Après la première onde de choc, les relations avec Washington, Canberra et même Londres se sont lentement rétablies. L’Aukus toutefois a mis en évidence une ligne de fracture entre la rhétorique politique et le niveau de l’engagement opérationnel dans cette région. L’accord de défense a également rappelé la nécessité de coopérer pour relever les multiples défis et les risques grandissants de conflits de haute intensité dans cette région.

Les relations politiques avec les Etats-Unis se sont rétablies assez rapidement, grâce aux efforts de l’administration Biden, qui a rapidement fait amende honorable et s’est engagée dès octobre 2021 à des « consultations et coordinations systématiques et approfondies ». Retour donc au statu quo ante au sein de l’alliance : dans l’Indo-Pacifique, le partenariat est fort, mais la France se méfie de la ligne antichinoise de Washington.

Paris se tient donc à distance d’initiatives telles que le Quad [coopération informelle entre les Etats-Unis, le Japon, l’Australie et l’Inde] ou Partners in the Blue Pacific [groupe informel visant à renforcer les relations économiques et diplomatiques avec les nations insulaires du Pacifique], privilégiant une coopération ad hoc plutôt qu’une association à part entière.

 

Partenariat stratégique

Par ailleurs, le départ du premier ministre Scott Morrison a ouvert la voie à un véritable redémarrage de la relation France-Australie, facilité par les 555 millions d’euros de compensation financière accordés à Naval Group.

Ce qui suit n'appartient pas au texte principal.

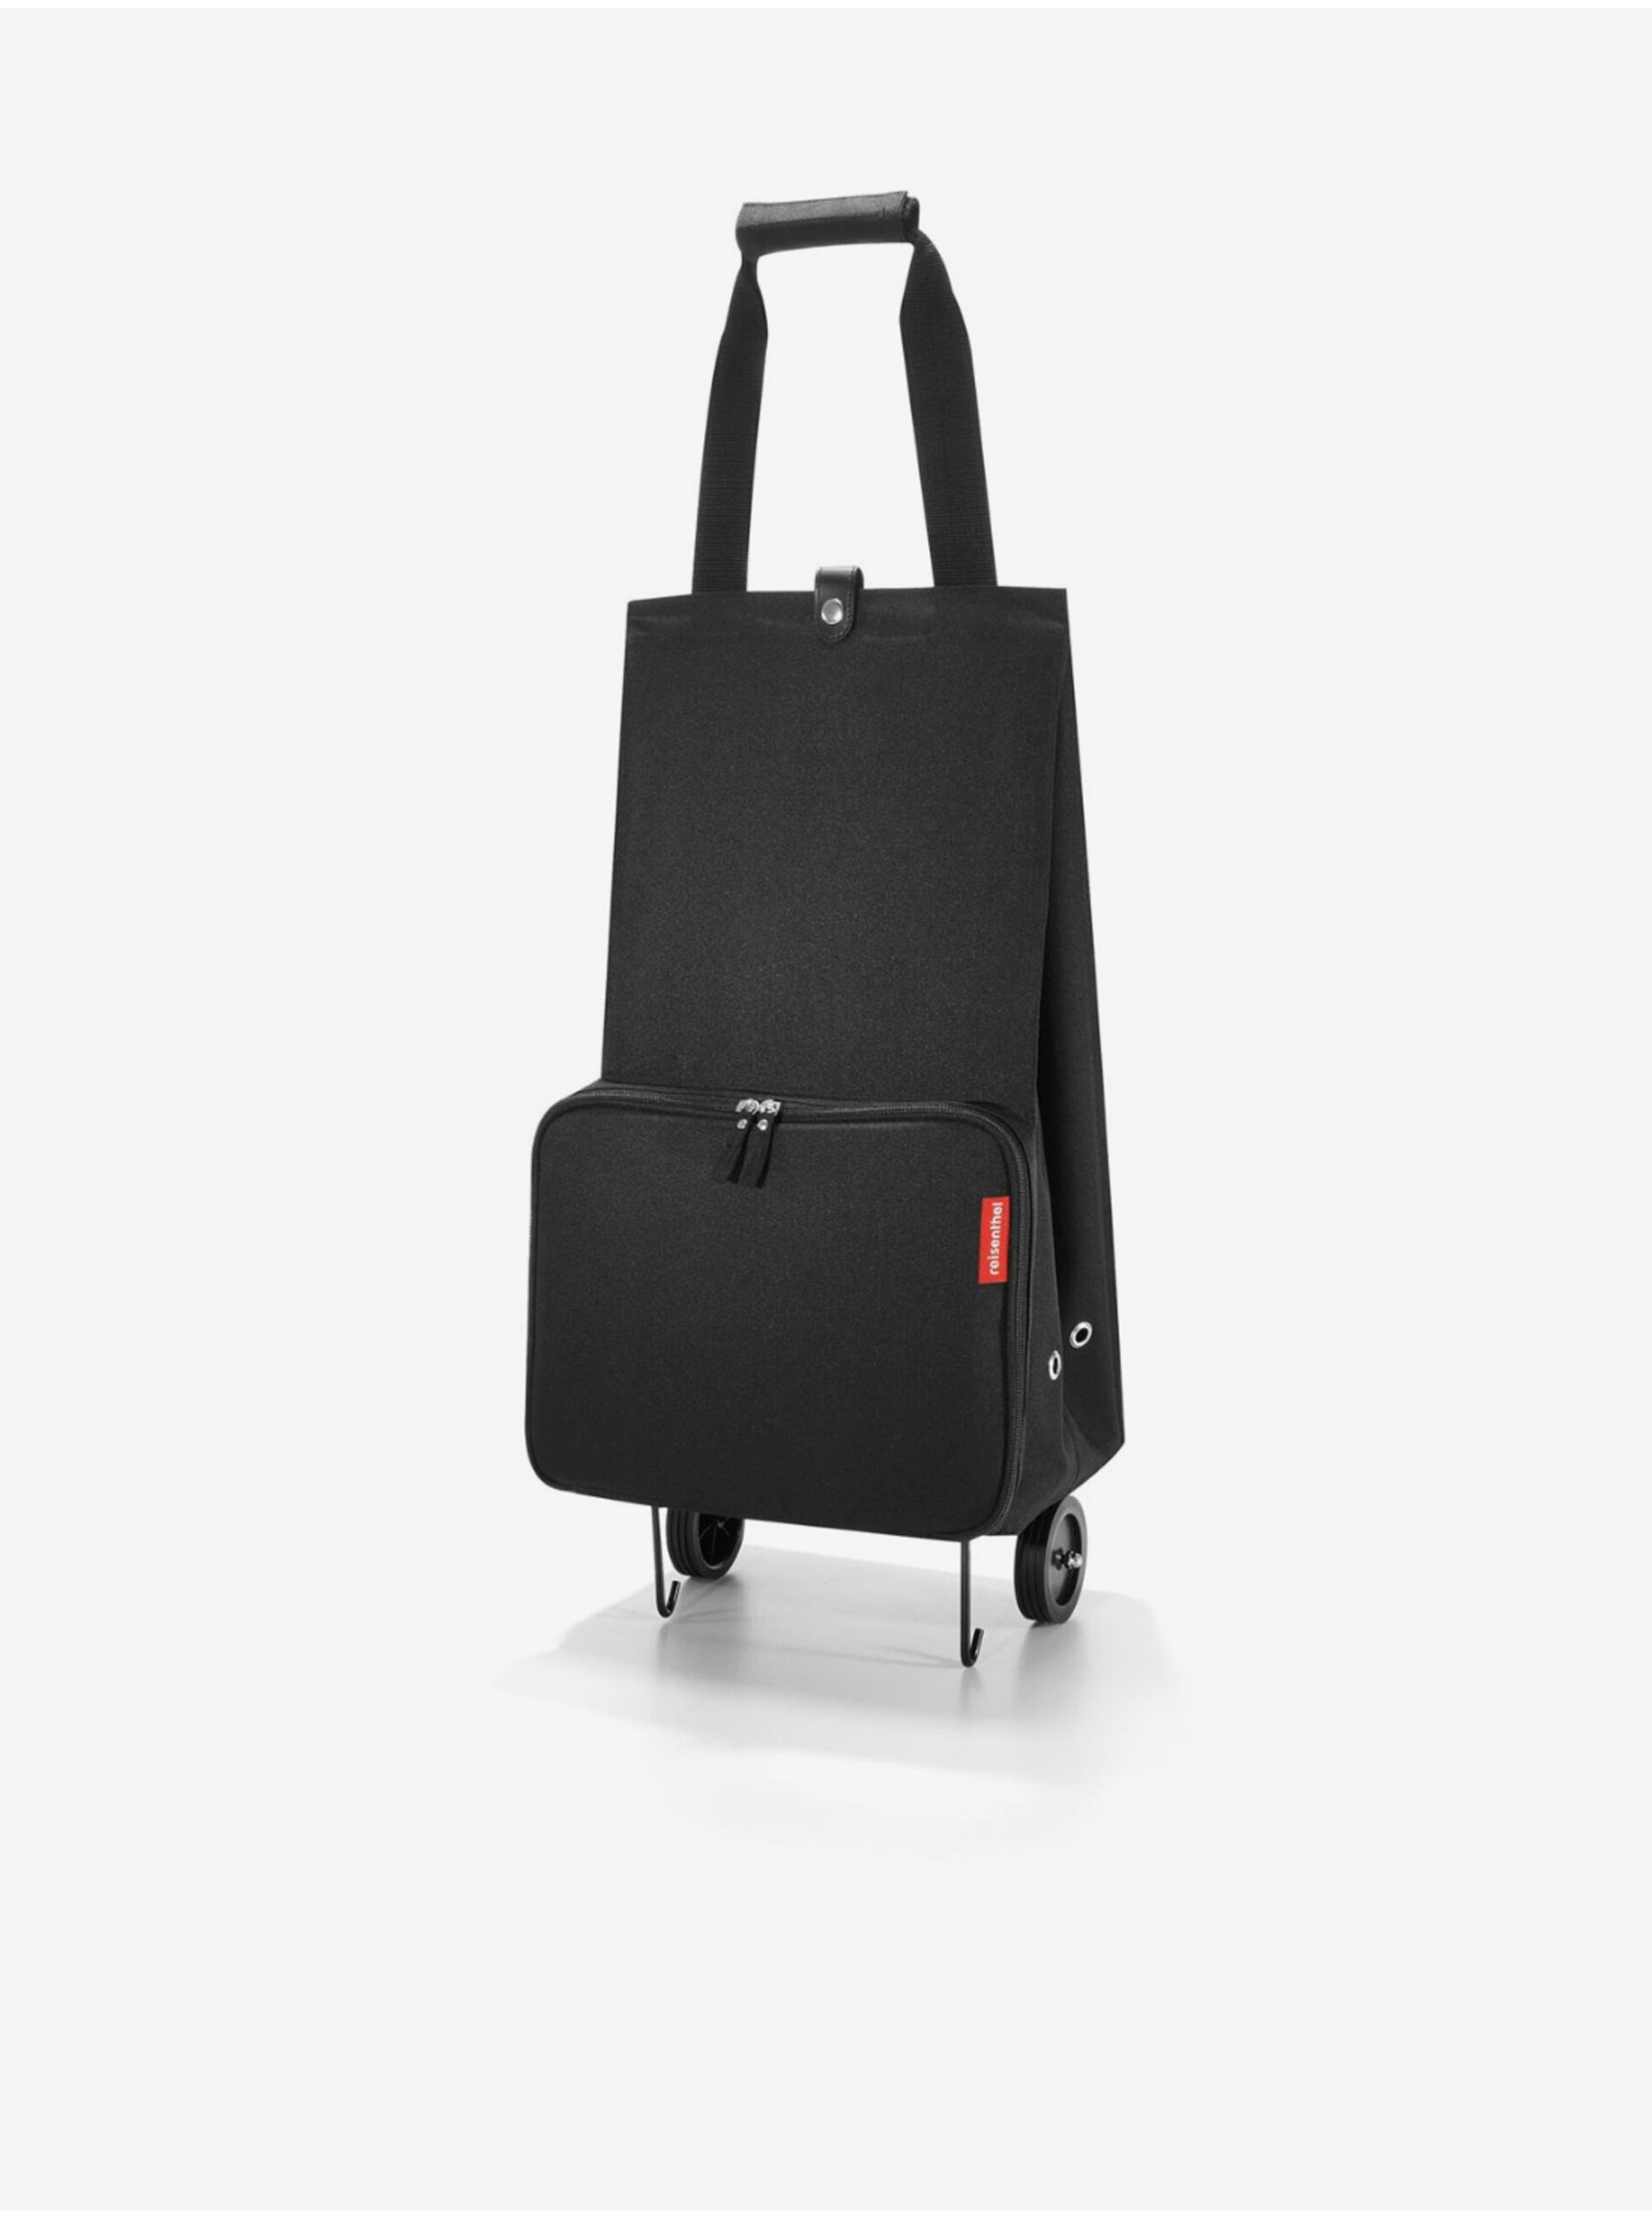 E-shop Čierna nákupná taška na kolieskach Reisenthel Foldabletrolley

La rencontre du nouveau premier ministre, Anthony Albanese, avec Emmanuel Macron à Paris, le 1er juillet, a donné l’impulsion politique pour reconstruire un partenariat stratégique dans lequel la coopération en matière de sécurité et de défense sera centrale.

Début septembre, le ministre français de la défense, Sébastien Lecornu, avait d’ailleurs invité son homologue australien sur la rade de Brest, qui abrite les sous-marins nucléaires français. Voisins dans le Pacifique Sud, les deux pays y ont des intérêts indissociables, et la coopération opérationnelle n’a en réalité jamais cessé, comme lorsque, en début d’année, Australiens et Français ont coordonné leurs forces pour apporter une aide humanitaire d’urgence aux Tonga, victime d’une violente éruption volcanique.

Quant au Royaume-Uni, s’il reste un allié solide, la relation politique reste traditionnellement mouvementée, et la rivalité est bien présente dans l’Indo-Pacifique, que ce soit en matière d’influence, de coopération industrielle et de défense ou de leadership sur la sécurité maritime.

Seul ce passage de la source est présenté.